What is being asked: With the images removed, repeat the data below exactly.

START Dataset excerpt

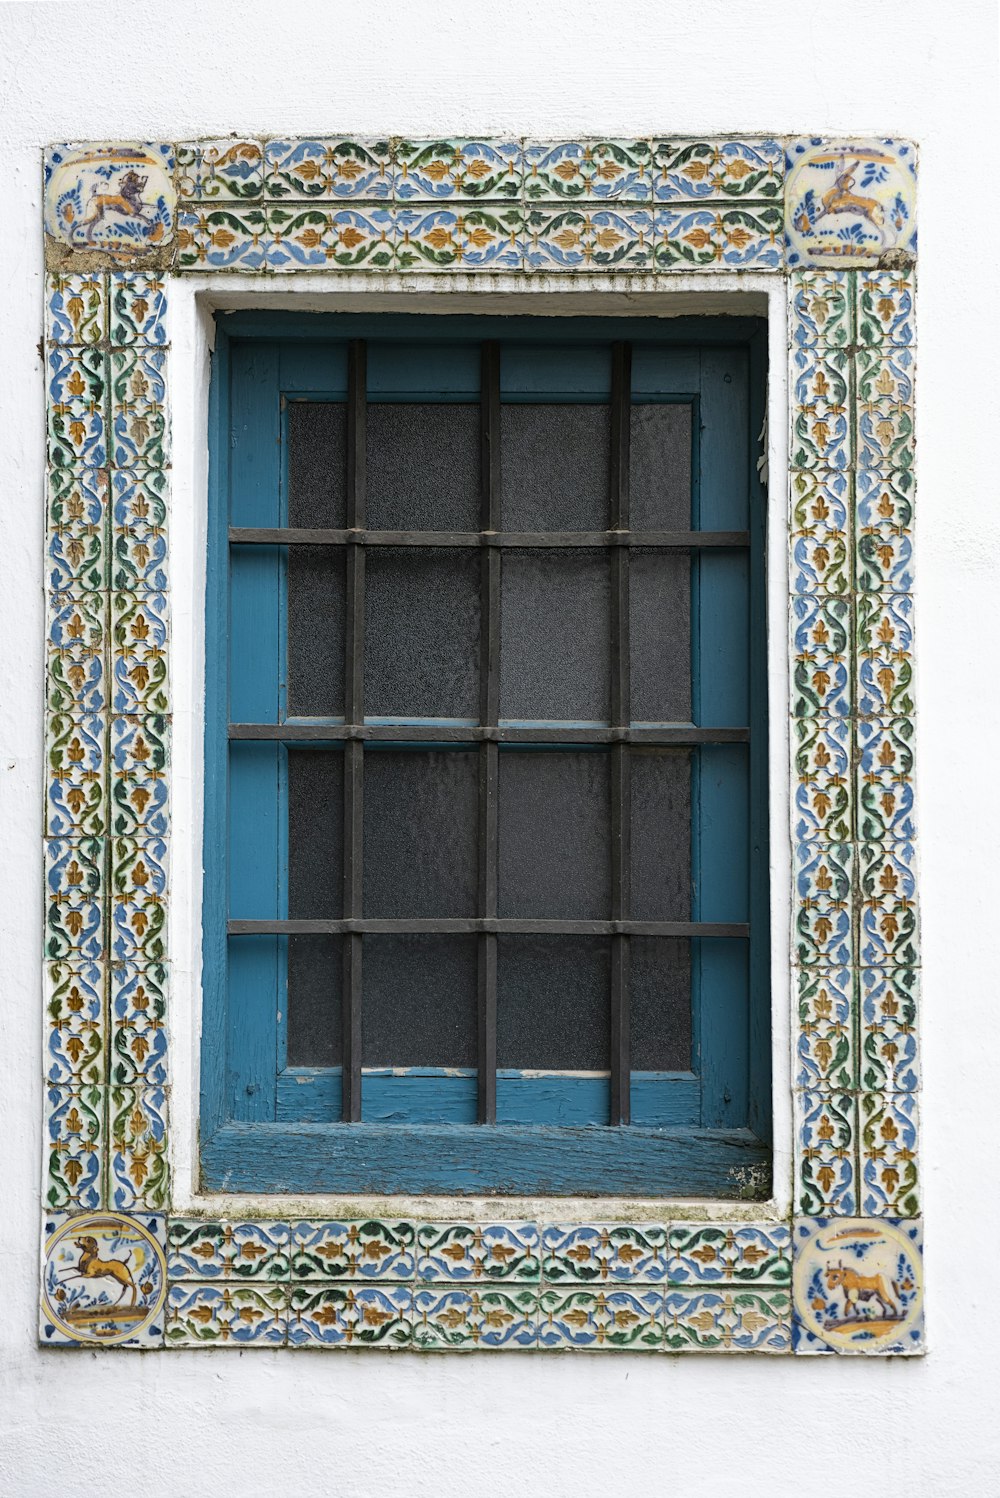 a window with a blue and green frame
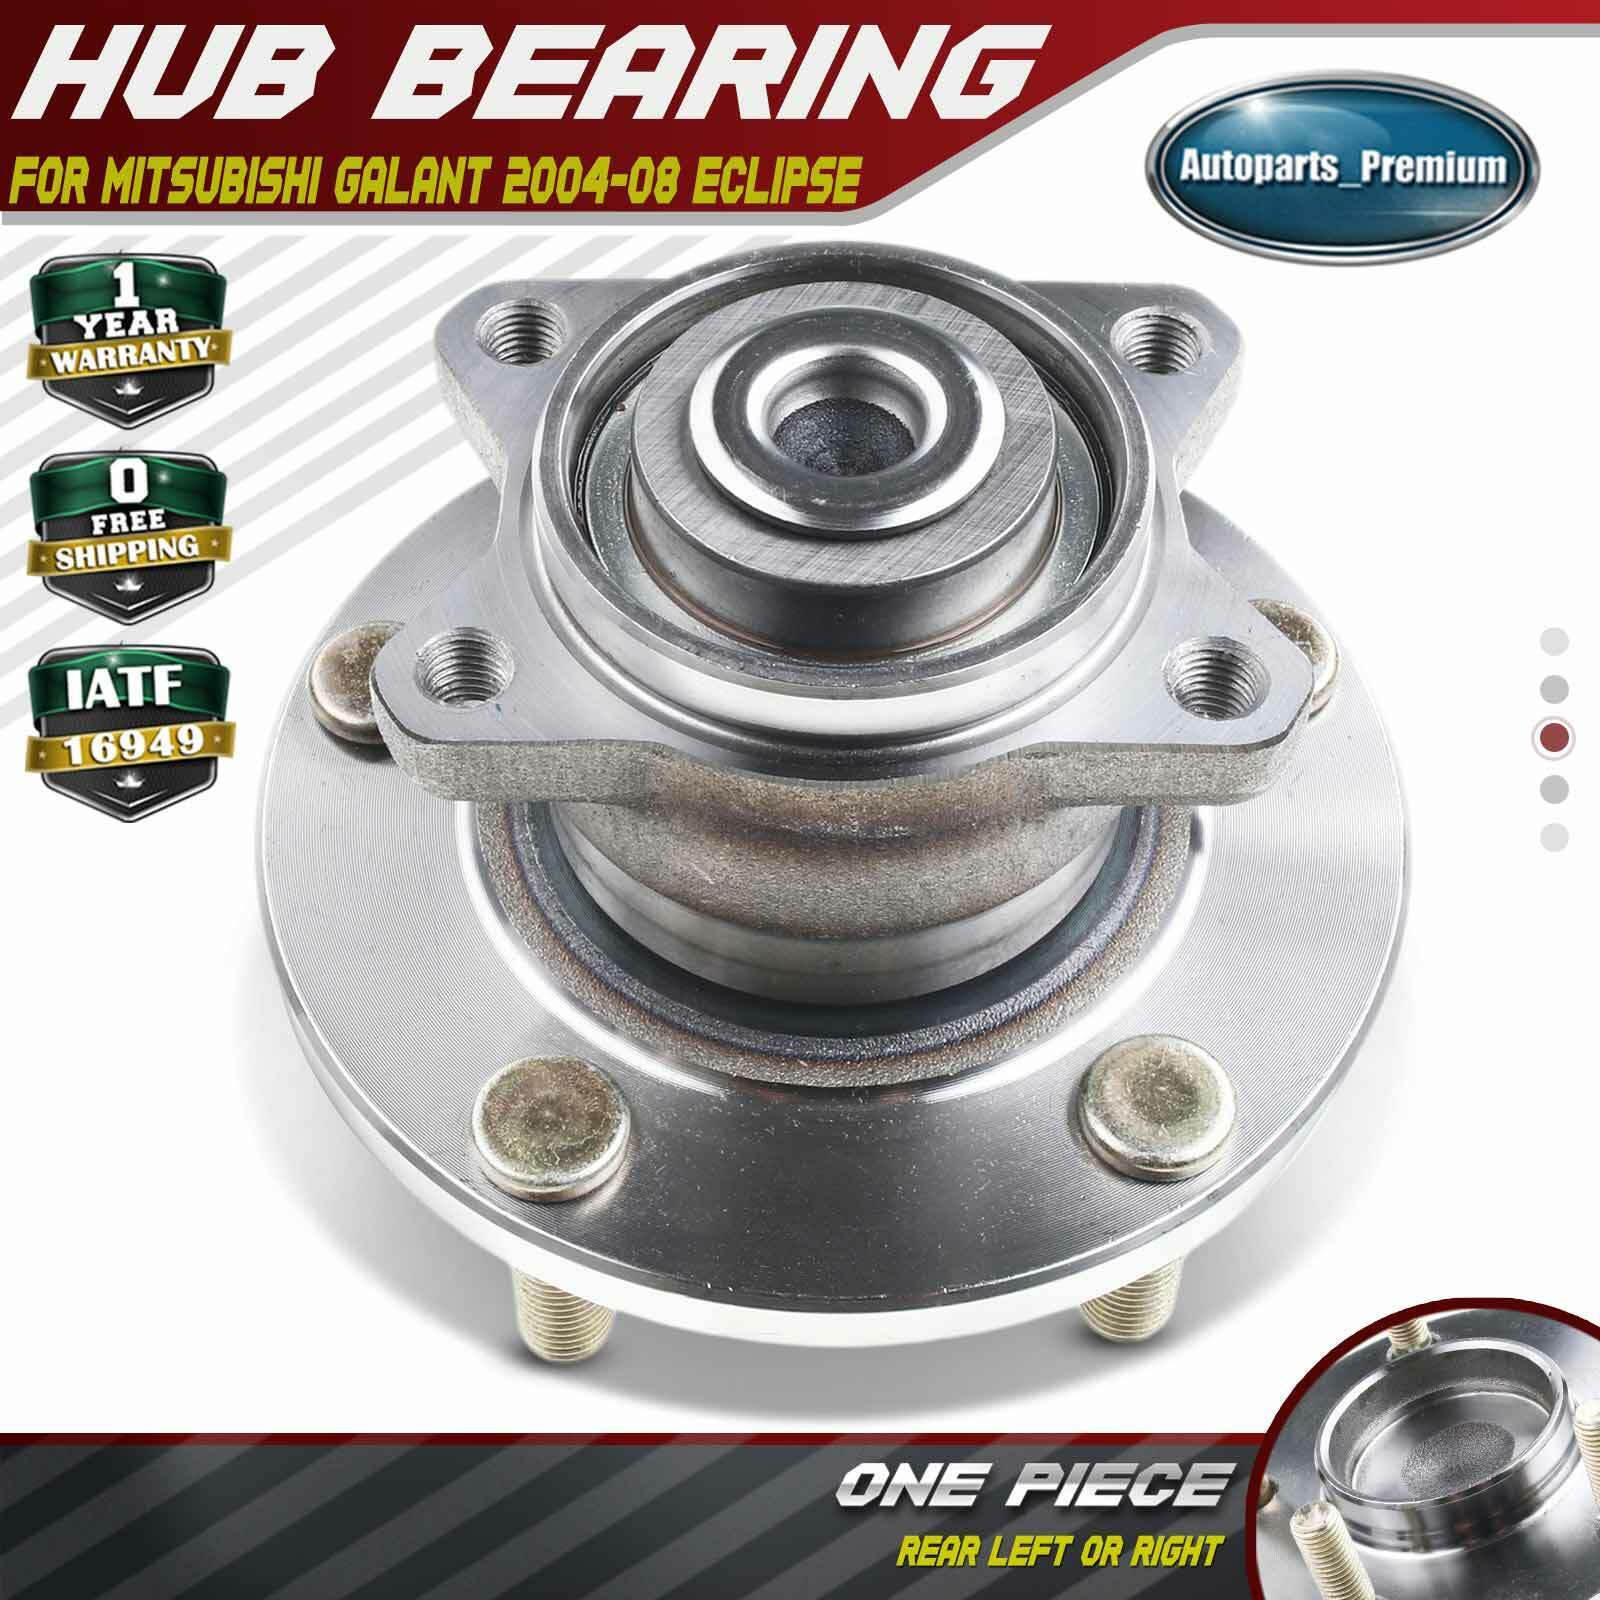 Rear LH or RH Wheel Hub & Bearing Assembly for Mitsubishi Galant 2004-08 Eclipse
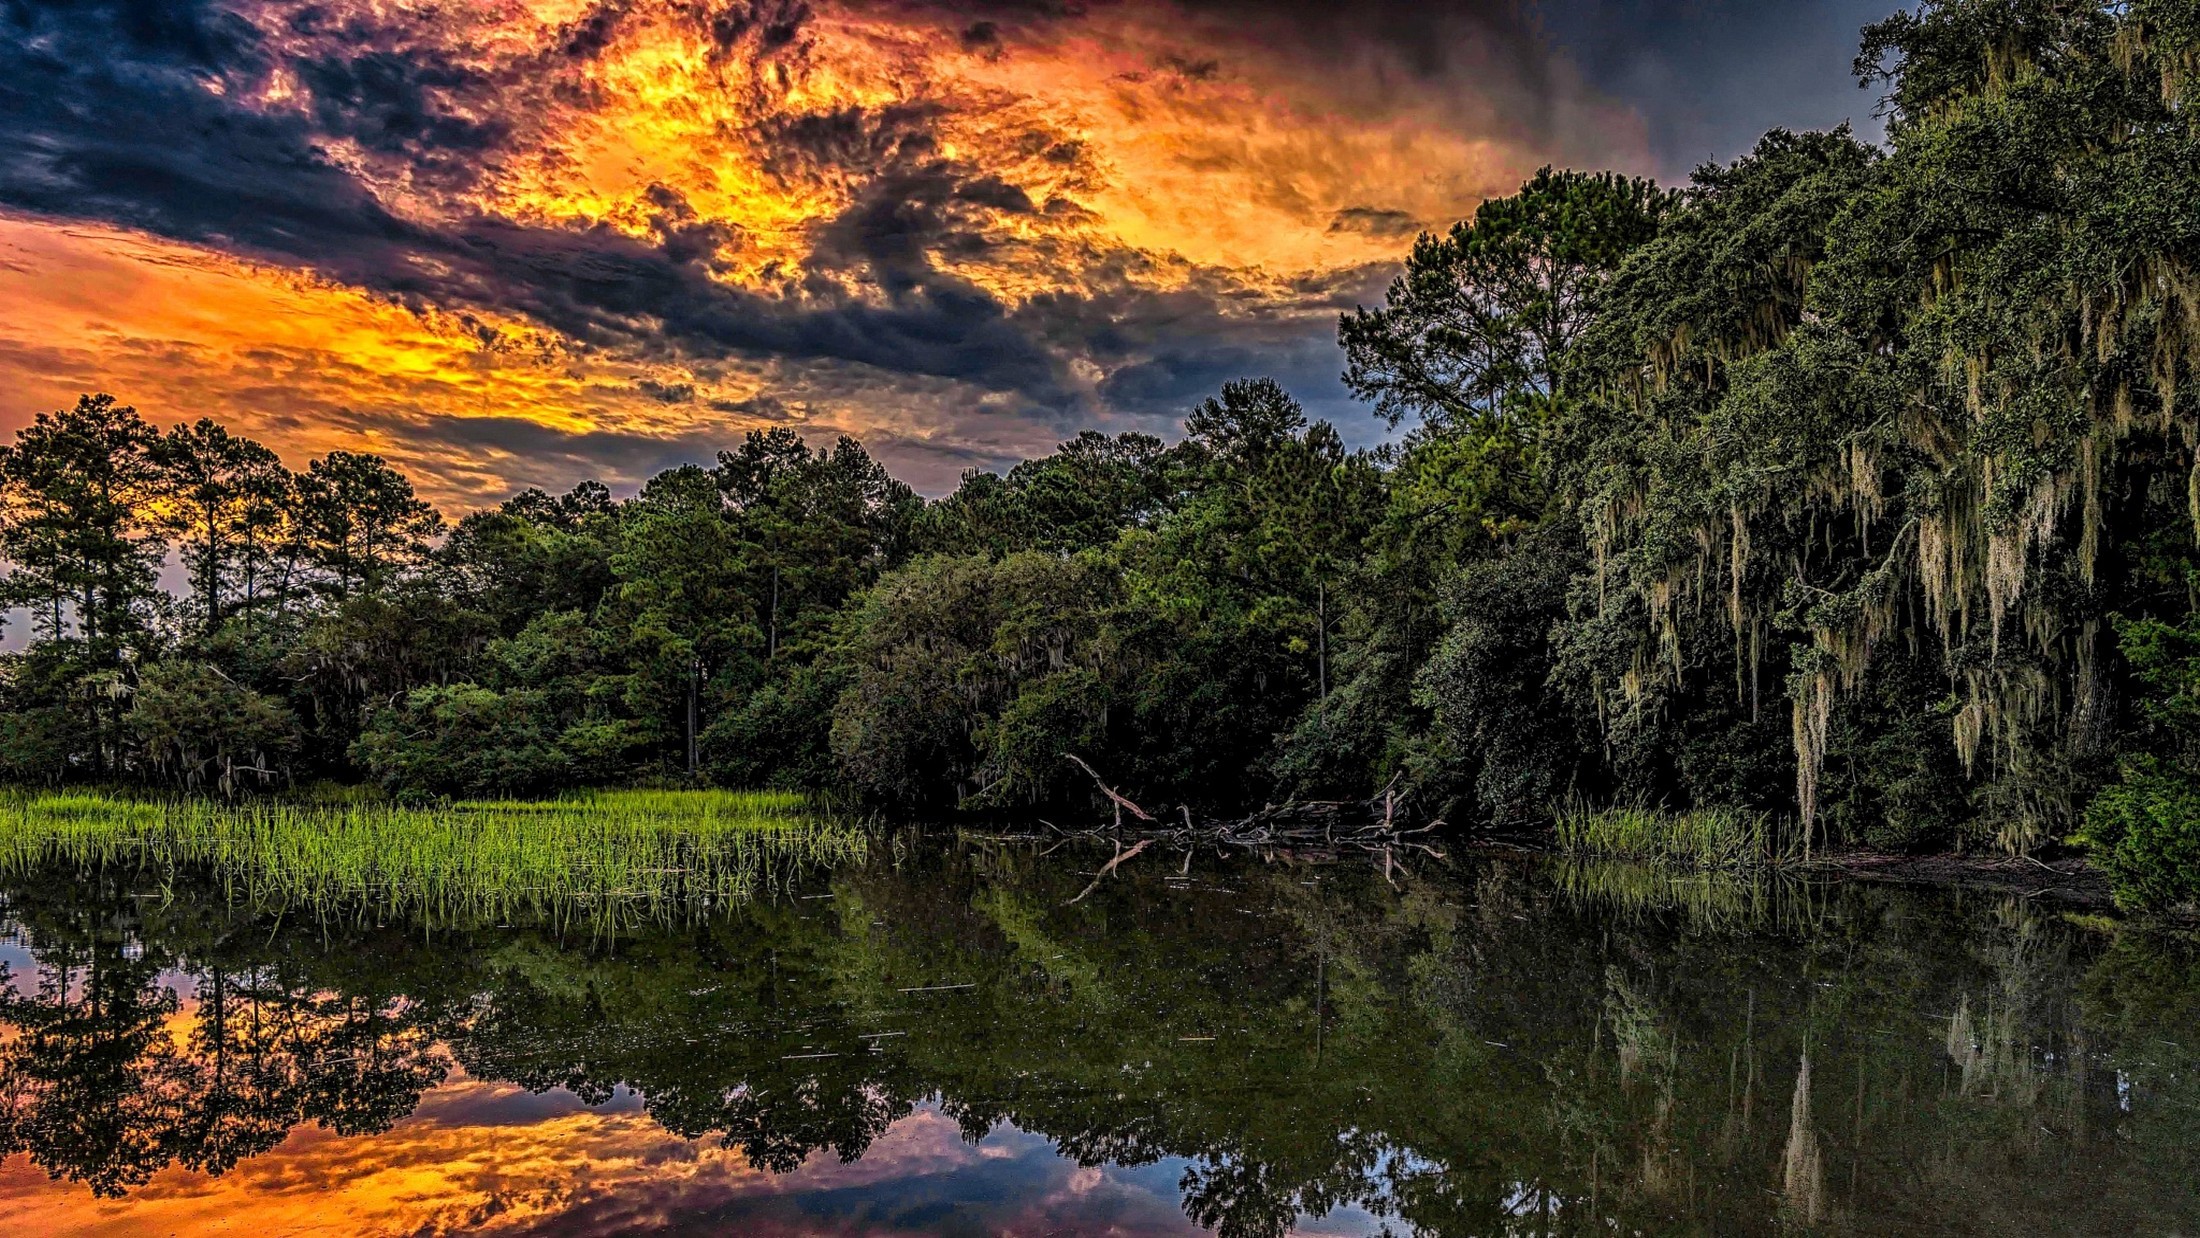 nature, Landscape, Sunset, HDR, River, Reflection, Summer, South Carolina, Clouds, Forest, Sky, Water, Trees, Foliage, Reeds Wallpaper

END Dataset excerpt

Response to this task:
 a window with a blue and green frame
 Rear LH or RH Wheel Hub & Bearing Assembly for Mitsubishi Galant 2004-08 Eclipse
 nature, Landscape, Sunset, HDR, River, Reflection, Summer, South Carolina, Clouds, Forest, Sky, Water, Trees, Foliage, Reeds Wallpaper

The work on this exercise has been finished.